━━━━━ Data excerpt
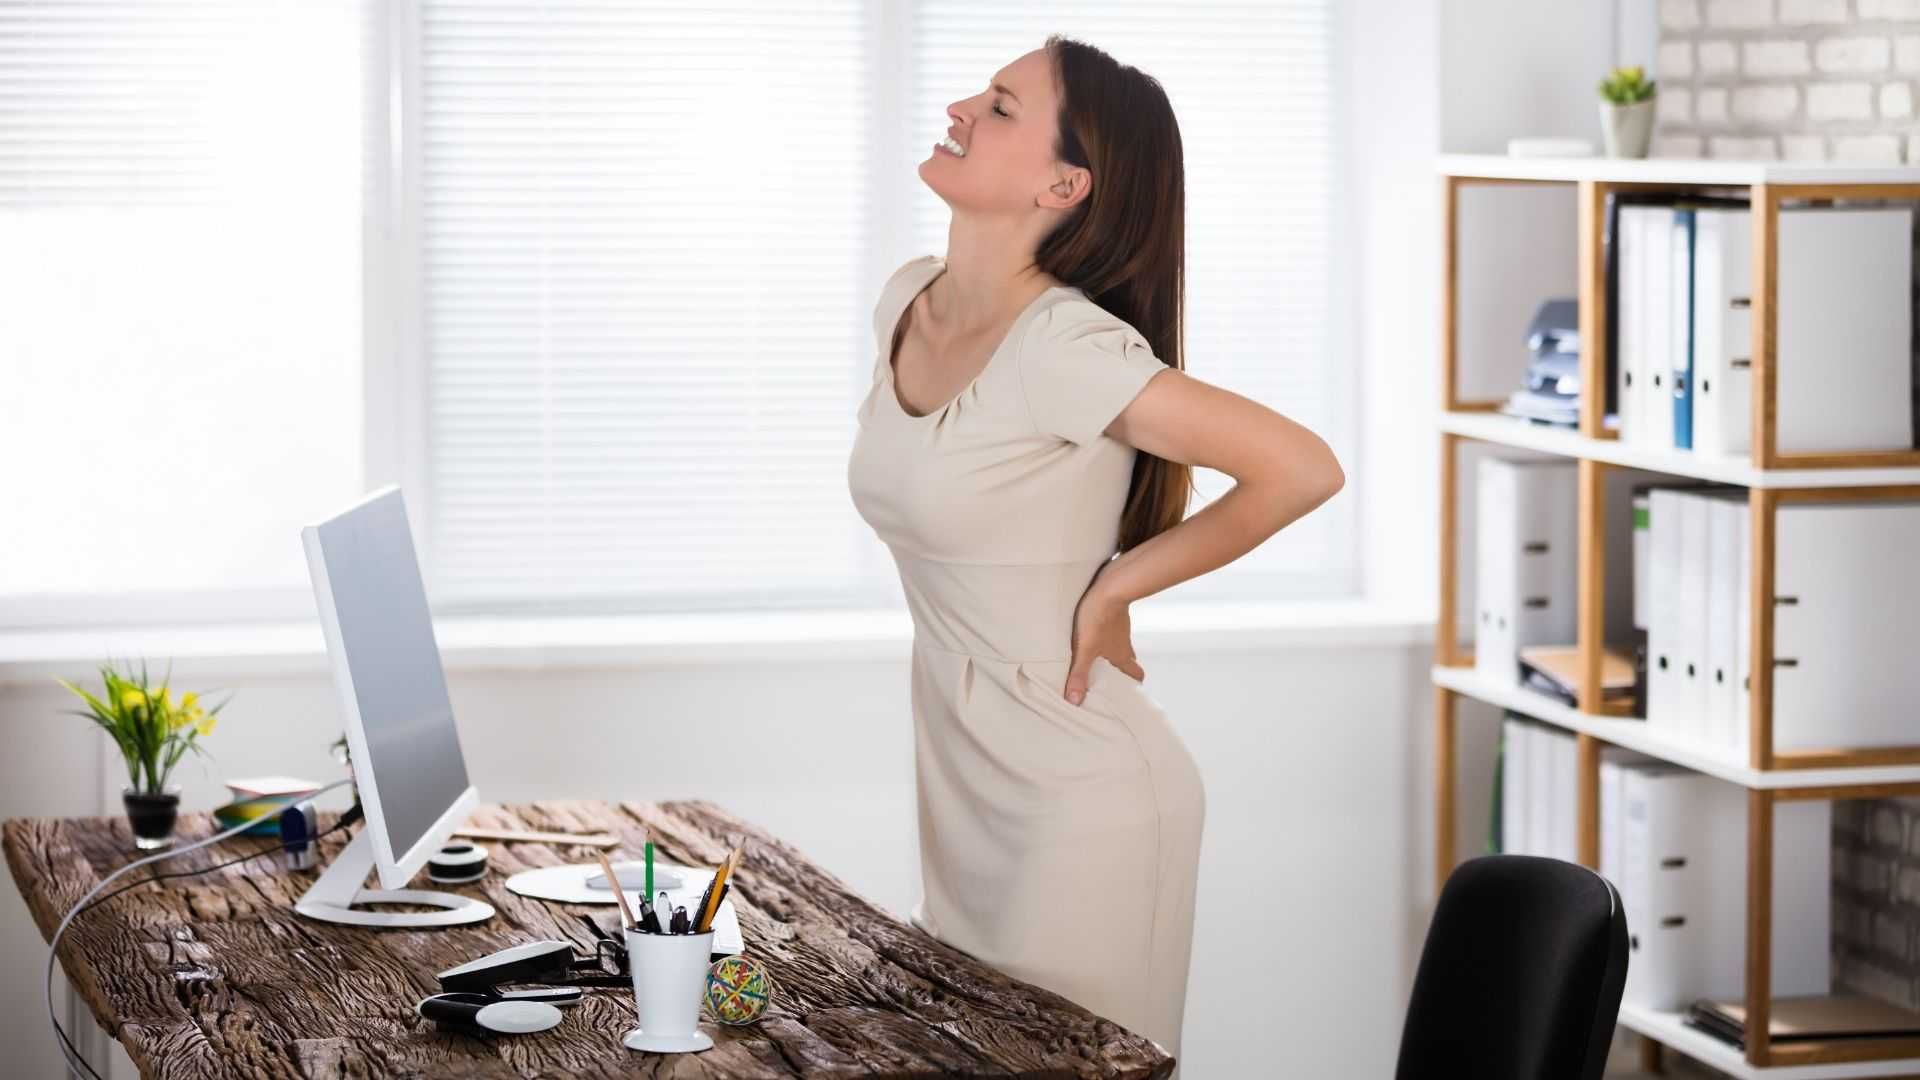 Sciatica Treatment in Kansas City: 3 Injuries That Can Cause Sciatica Pain
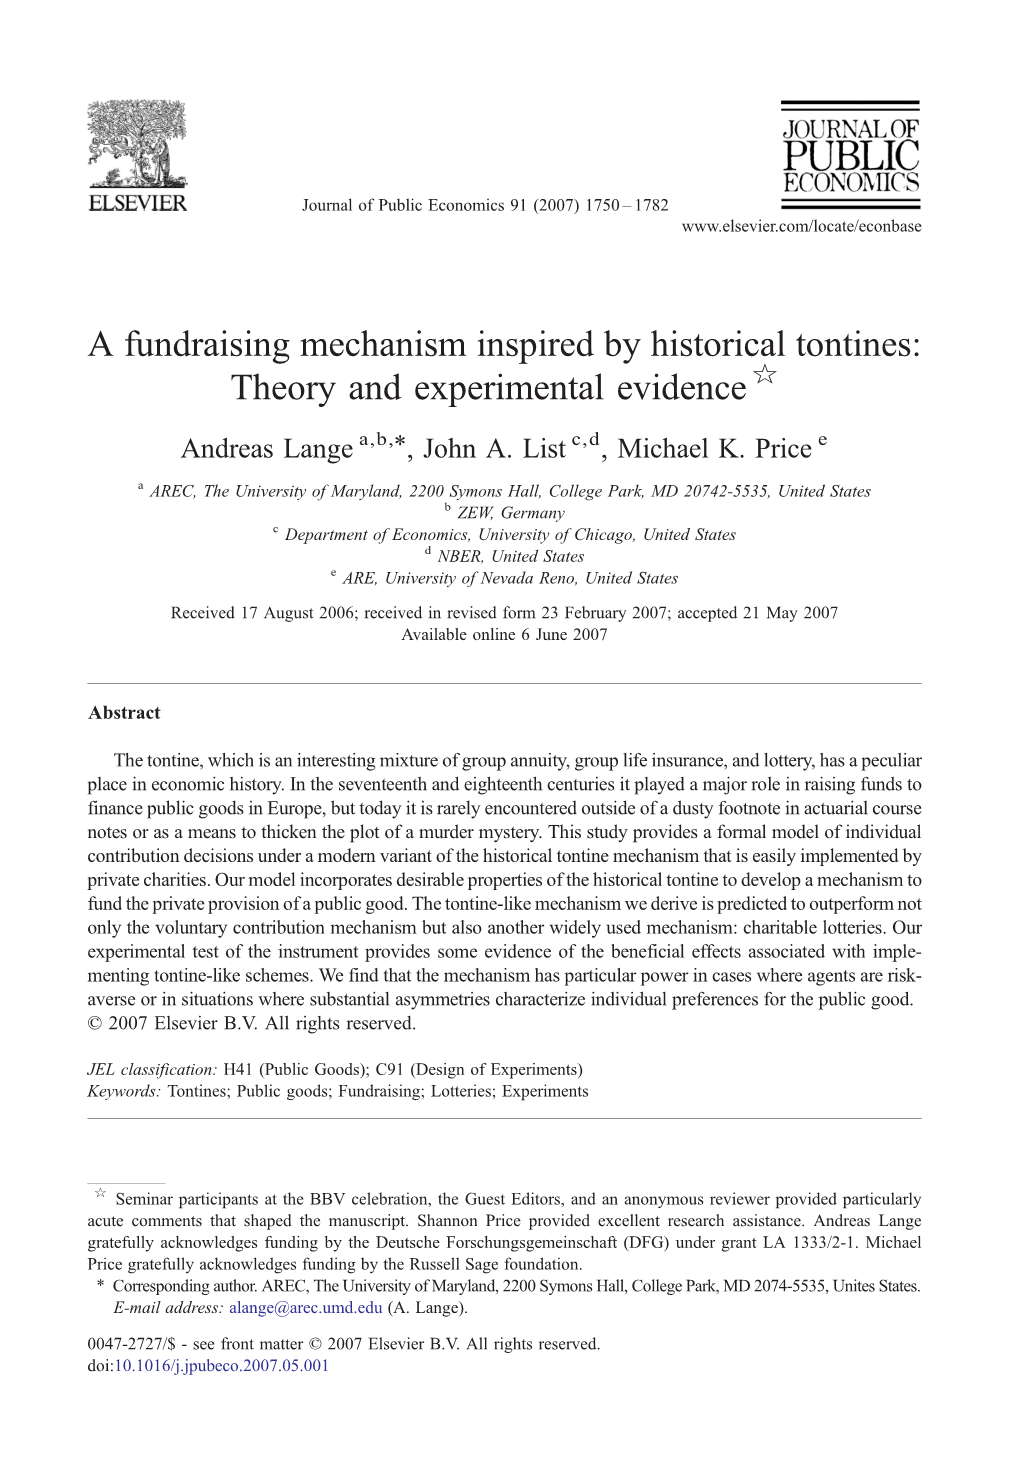 A Fundraising Mechanism Inspired by Historical Tontines: Theory and Experimental Evidence ☆ ⁎ Andreas Lange A,B, , John A
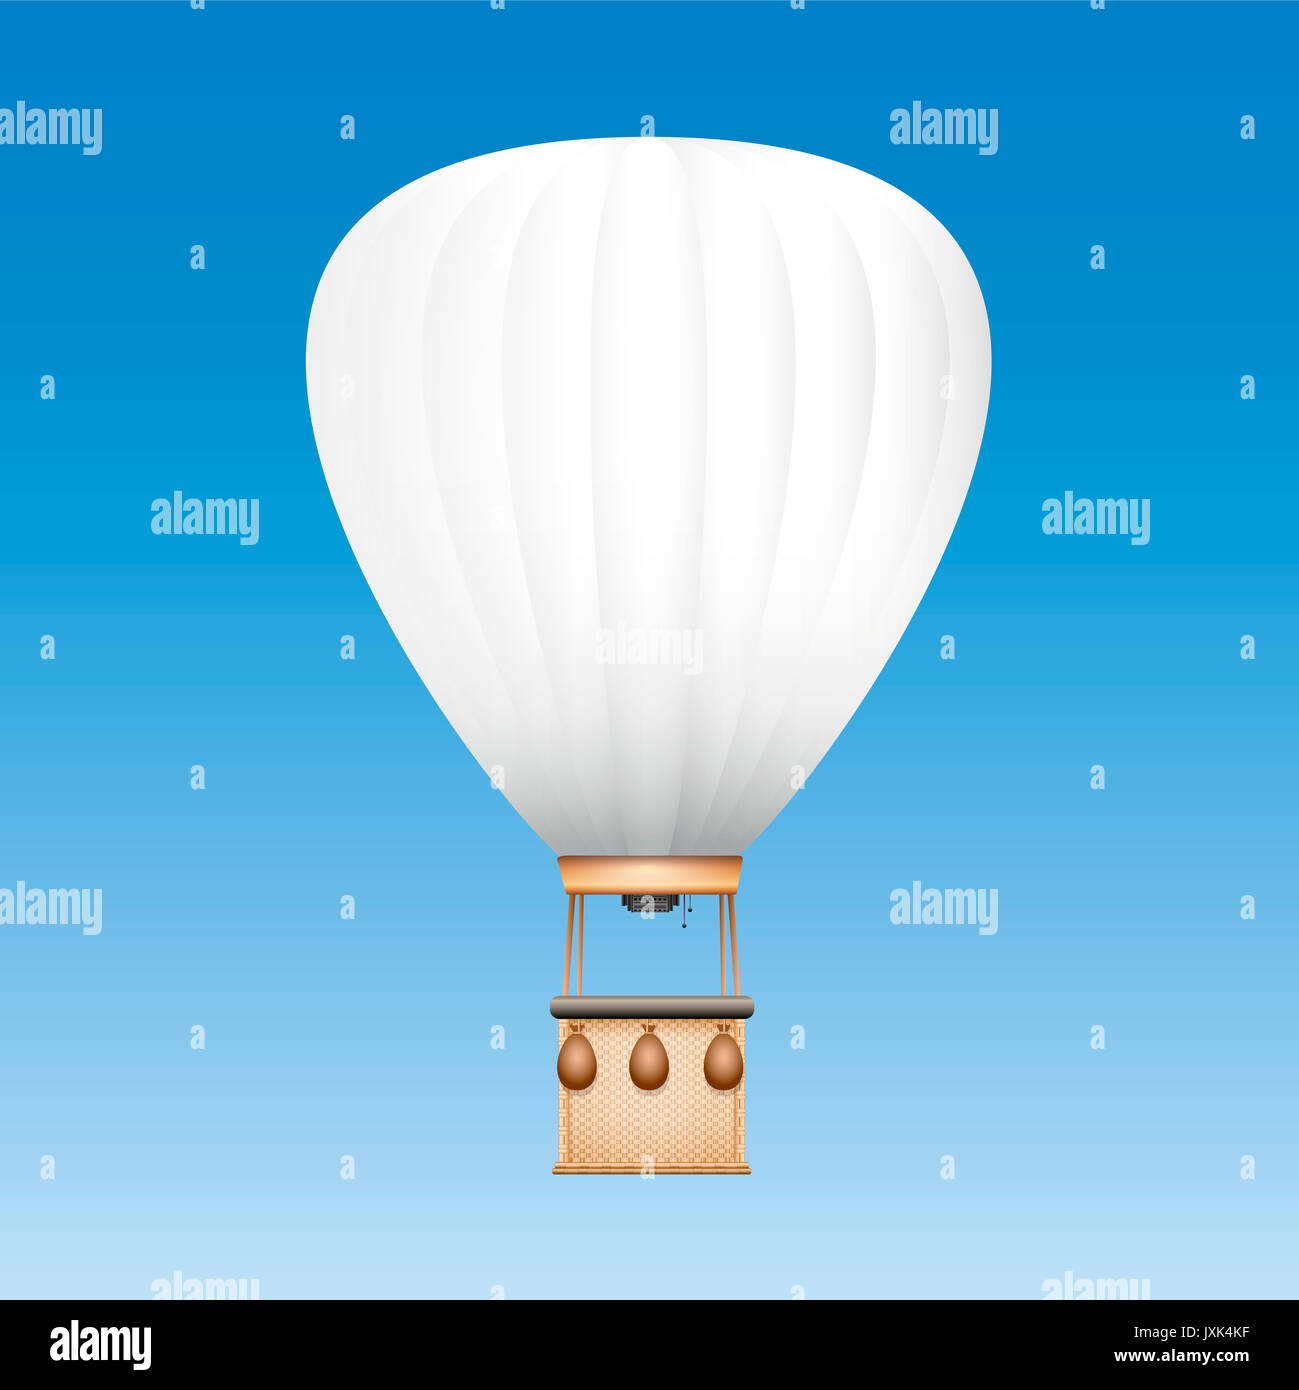 Captive balloon with white surface to be used as advertising space for text, images or your company logo - illustration on blue sky background. Stock Photo
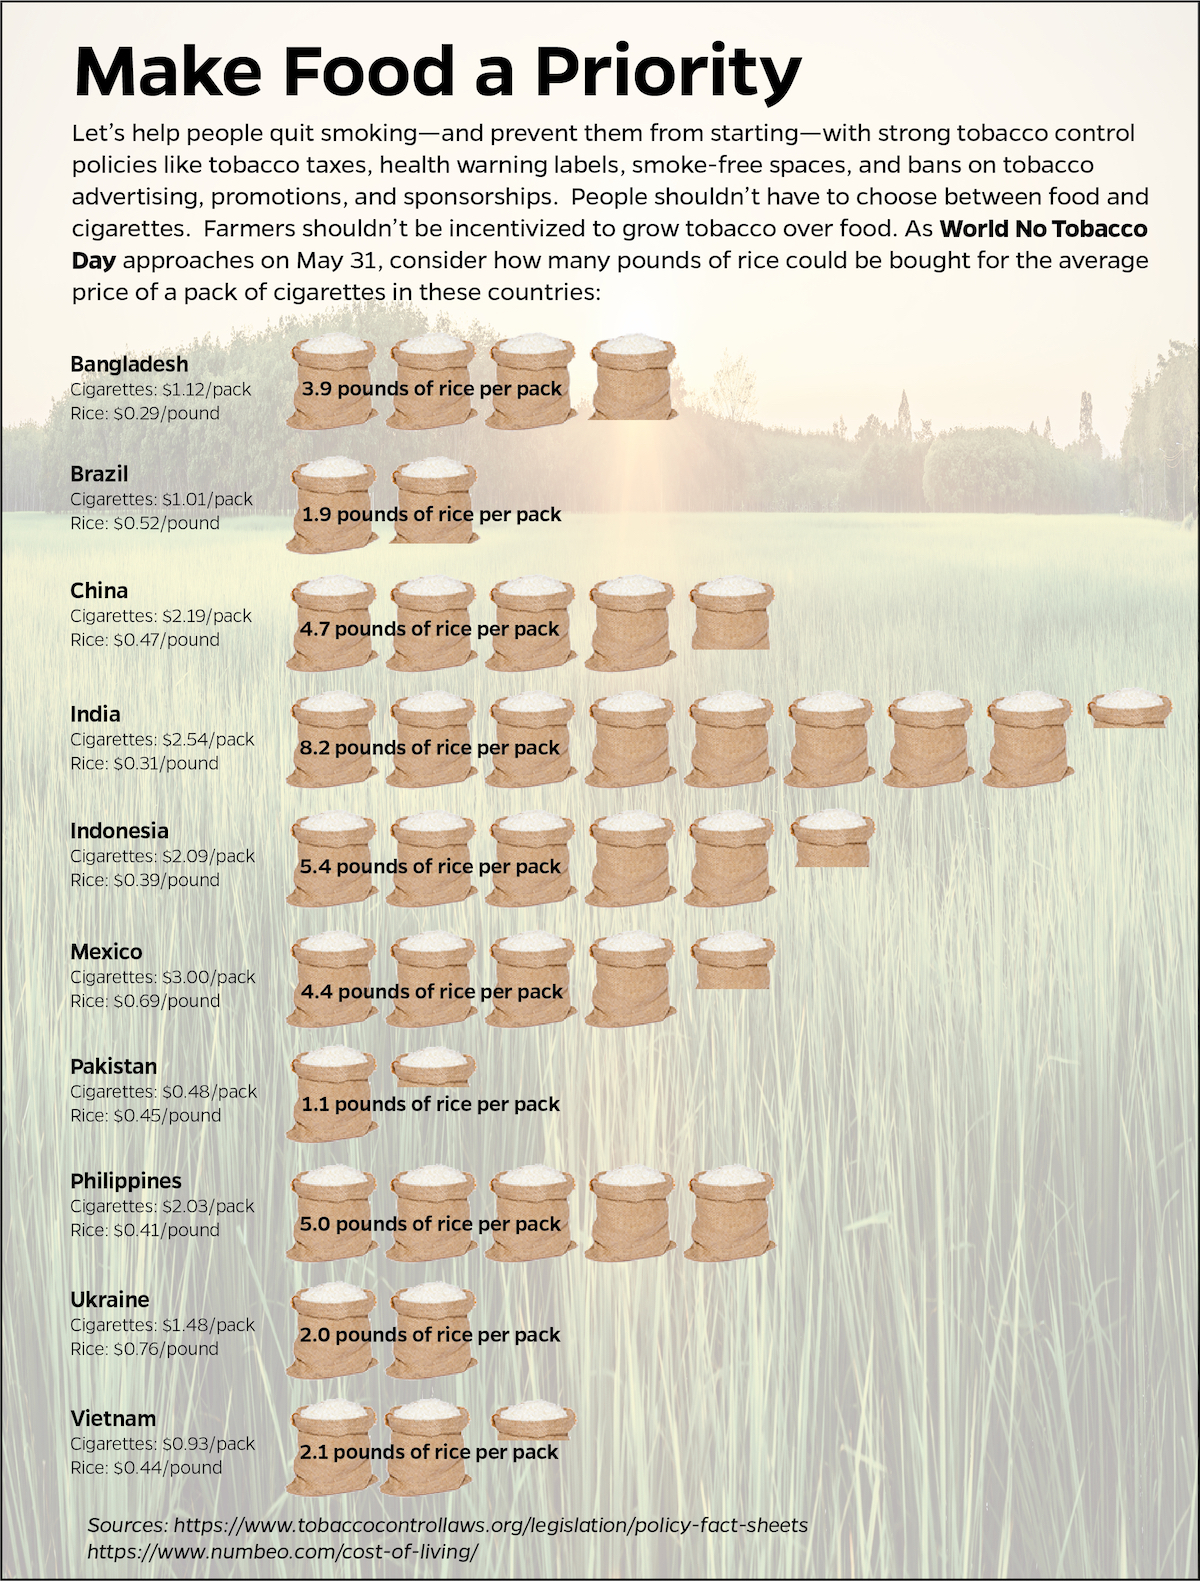 digital illustration comparing consumer price data on rice vs. cigarettes in ten countries, using sacks of rice to represent quantities. Background is a photo of a sunny farm.
━━━━━━━━━━
**Task instructions**:
Without the pictures, repeat the line with "Captive balloon with" and every line after it to the end of the listing, and nothing else.

**Answer to this exercise**:
 Captive balloon with white surface to be used as advertising space for text, images or your company logo - illustration on blue sky background. Stock Photo
 digital illustration comparing consumer price data on rice vs. cigarettes in ten countries, using sacks of rice to represent quantities. Background is a photo of a sunny farm.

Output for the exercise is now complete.